McLaren Furnace Room is the first major label album by Canadian band, The Watchmen. Originally released by SUMO Productions in Canada in 1992 (with the help of MCA Records), the release impressed MCA Records Canada who signed the band and released the album in 1993 on a much wider scale. The title of the album refers to the basement of the McLaren Hotel that served as the band's rehearsal studio.

The album was certified Gold in Canada by the Canadian Recording Industry Association on March 6, 1996.

Known as a tireless touring band, they reportedly played 150 shows a year across Canada from 1987 to 1991. A show in Toronto at the Horseshoe Tavern in 1991 caught the attention of producer Chris Wardman's girlfriend.
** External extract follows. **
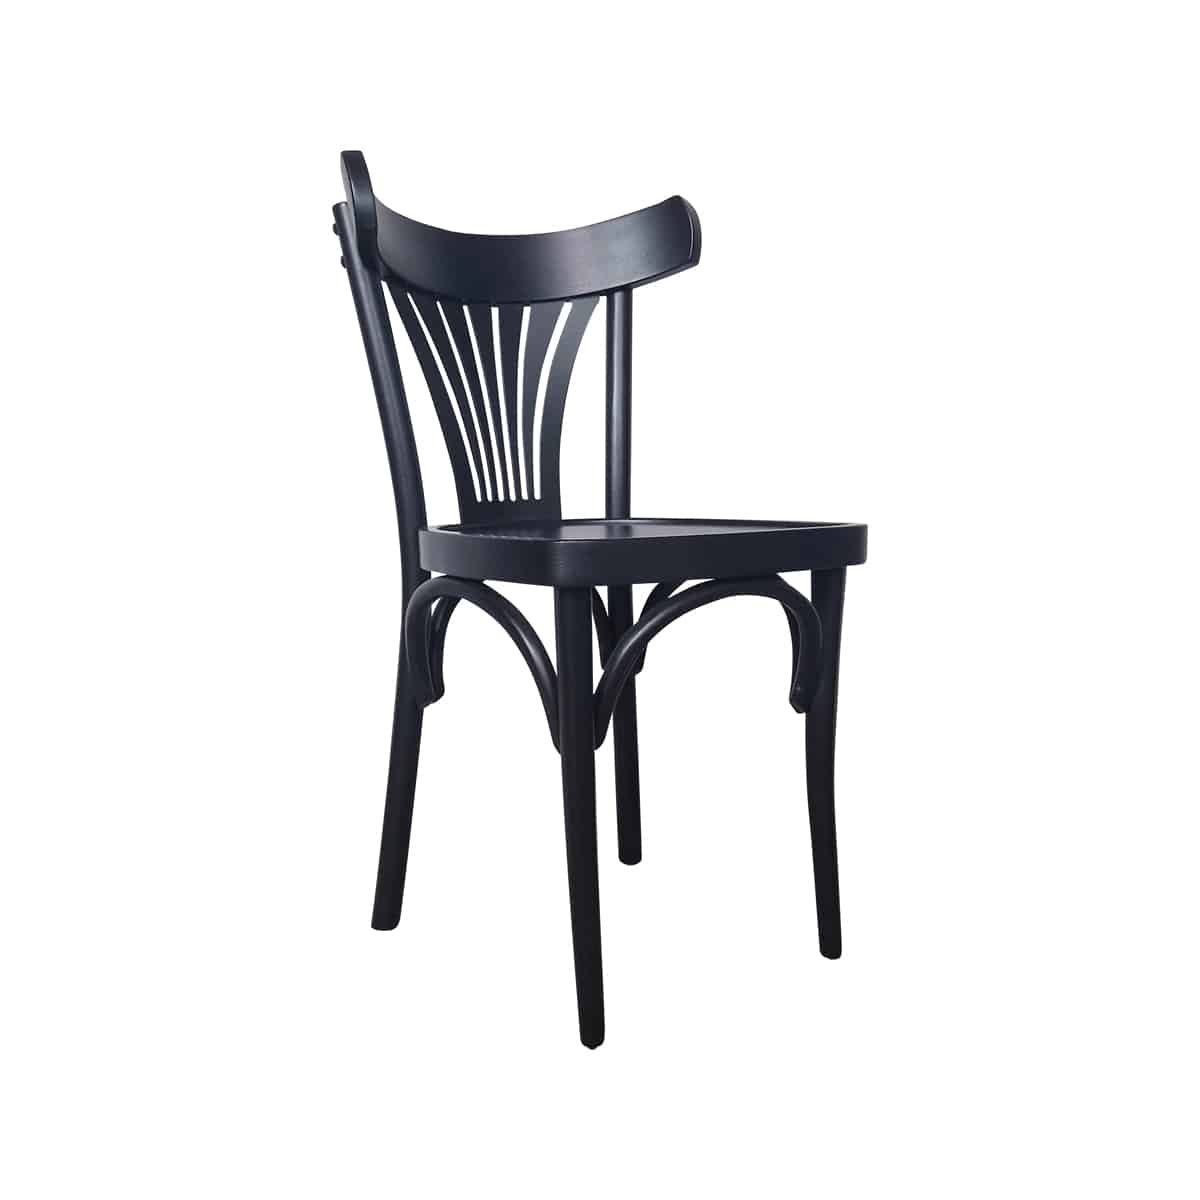 Thonet bentwood café stoelen waaier - Super Seat

She promised to put Wardman in touch with the band. Wardman eventually made it out to one of their shows and promised them a production commitment.

Jake Gold's The Management Trust signed them to a management deal and his music production outfit SUMO Productions. Using their clout with MCA Records, SUMO was able to release the band's debut McLaren Furnace Room in 1992. The band then signed directly to MCA Records Canada.

At that time in the band's history, the principal songwriter was guitarist Joey Serlin.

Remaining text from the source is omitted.